Kazan makes a difference in ‘When We Were Young’

Two generations face off in off-Broadway’s “When We Were Young and Unafraid.”

The older, wiser woman is Agnes (Cherry Jones), a former military nurse who runs a B&B that doubles as a haven for battered wives. One night, 25-year-old Mary Anne (Zoe Kazan) turns up with a bloodied brow and a small suitcase, unleashing dramatic — sometimes melodramatic — events.

Playwright Sarah Treem deftly mixes psychological realism and tense genre action. Under Pam MacKinnon’s assured direction, the show often plays out like a thriller complete with double-crosses and long-buried secrets.

The glue holding those occasionally forced strands together is Kazan, finally making good on years of being hailed as the next big thing.

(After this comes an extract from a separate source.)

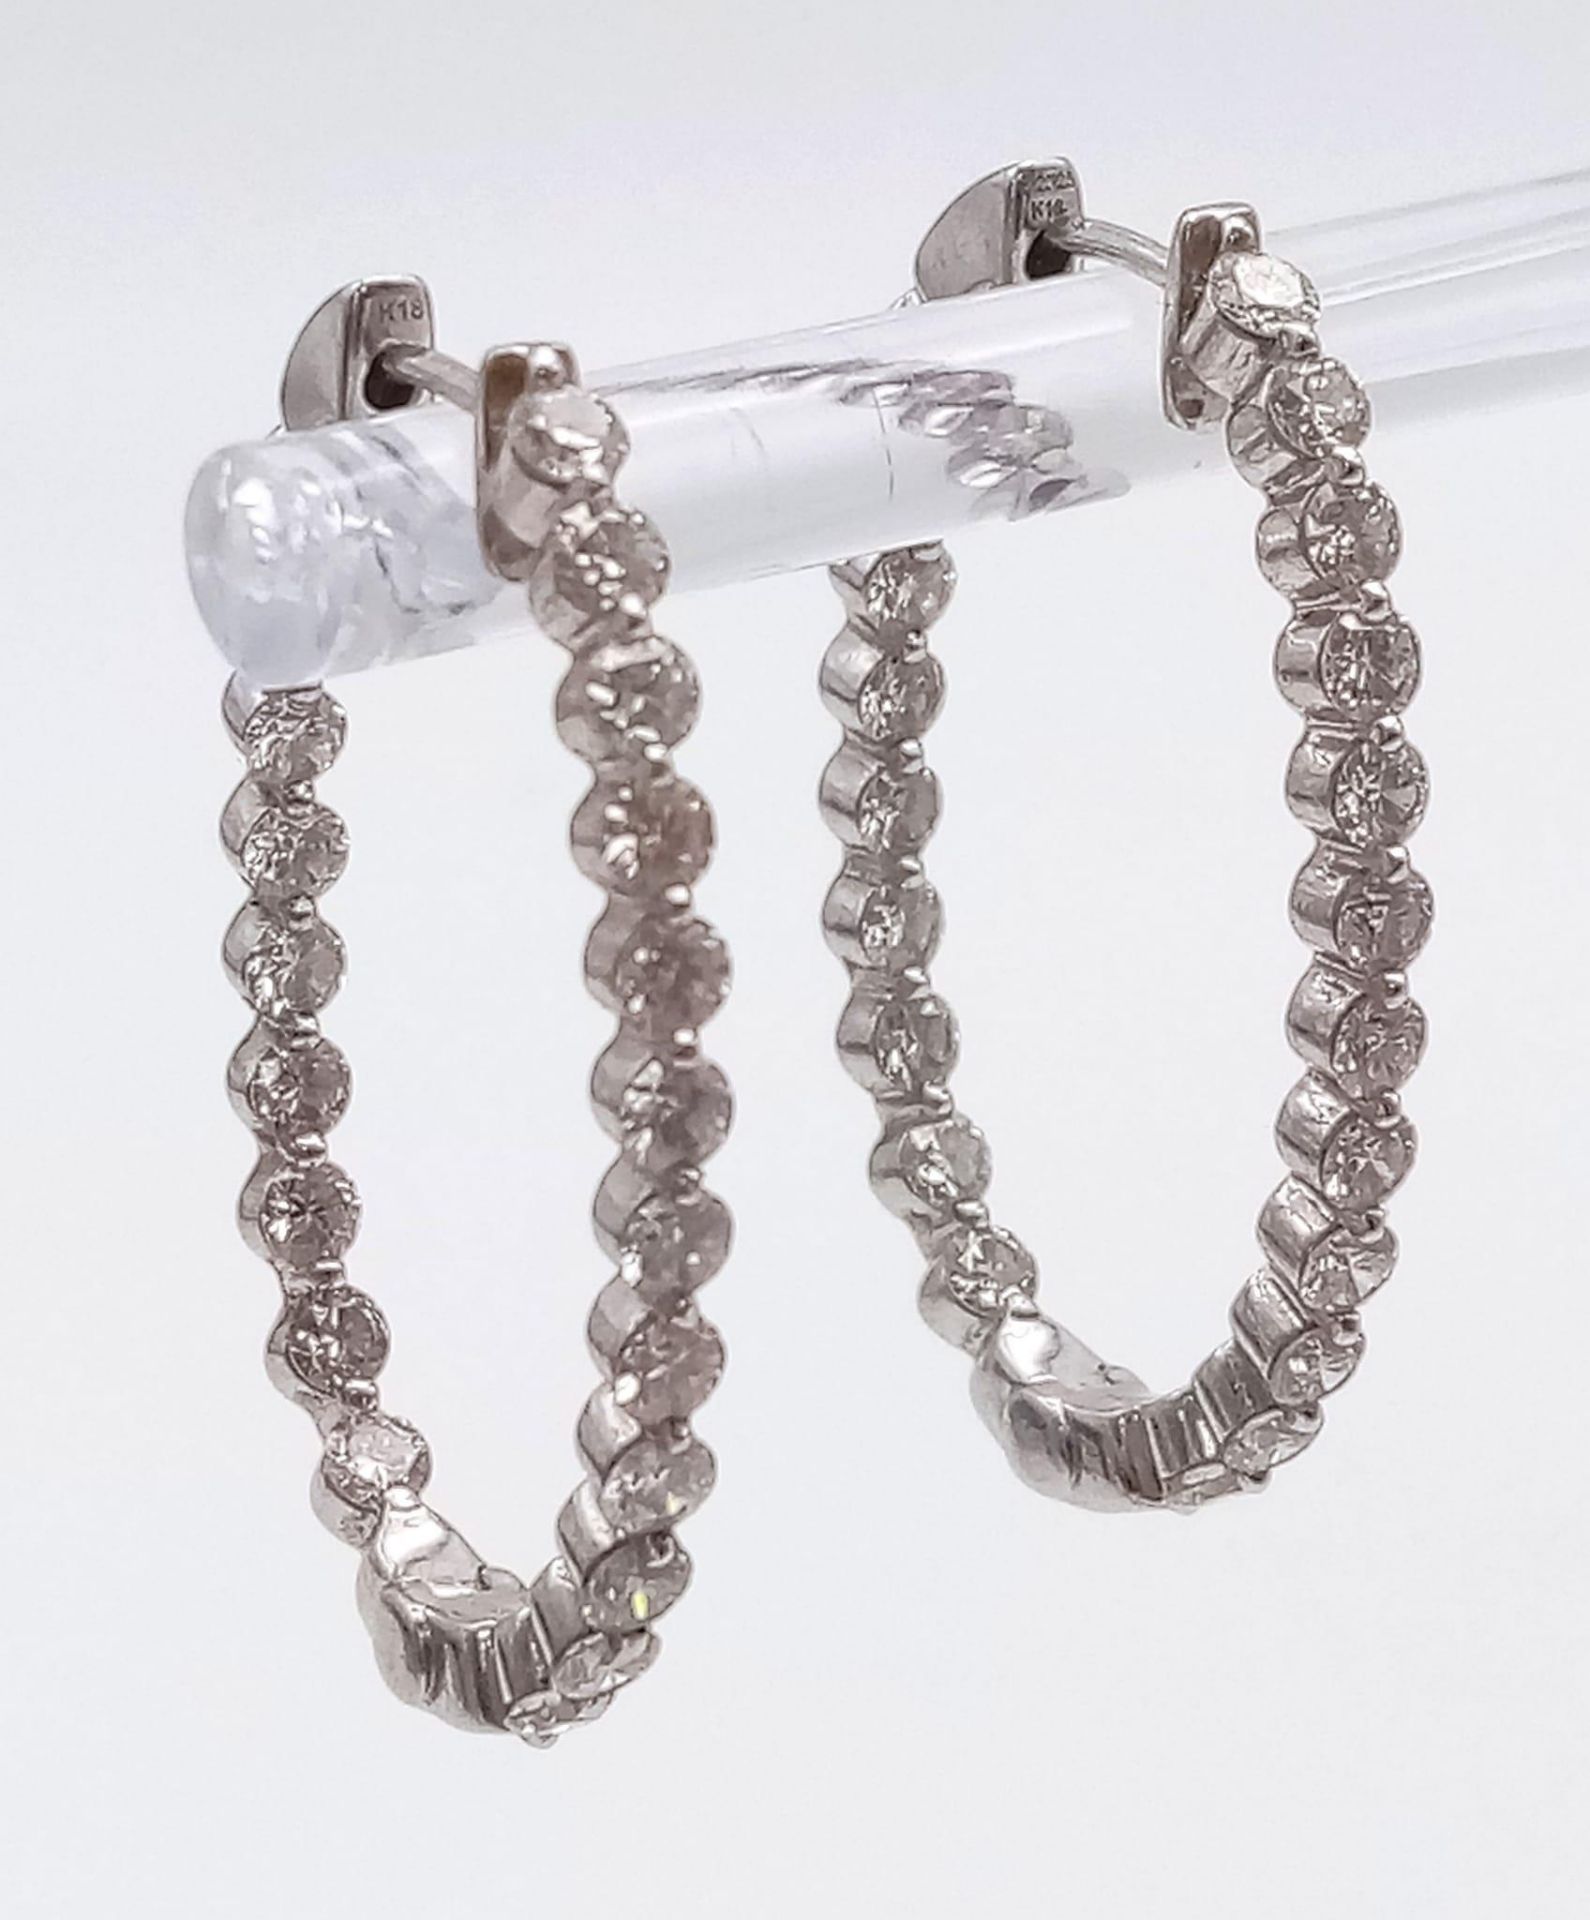 A PAIR OF 18K WHITE GOLD AND DIAMOND EARRINGS IN A HORSE SHOE HOOP SHAPE . 6.6gms 21 small

Here, she’s captivating as a woman who’s learned to survive partly by presenting a different face to different people.

Mary Anne is deferential to Agnes, but with her host’s teen daughter, Penny (Morgan Saylor), she’s like a brazen older sister, smoking and advising her how to pick up boys.

And then there’s Paul (Patch Darragh), a guest at the inn. With him, Mary Anne’s a flirt, doing what she thinks is expected of her.

But not everyone in their mid-20s thinks along those lines, even in 1973, when the play is set. Take Hannah (Cherise Boothe), a radical feminist who spouts fabulous ’70s-vintage statements like
“Passivity is the minotaur every woman needs to slay in order to leave the labyrinth.”

Hannah is on her way to the promised “womynland,” a commune where, she informs Agnes, “there are no men anywhere, not even in the name.”

While Mary Anne plays by men’s rules, Hannah declines to enter their game. Yet both would agree that, with life itself in the balance, the stakes are high.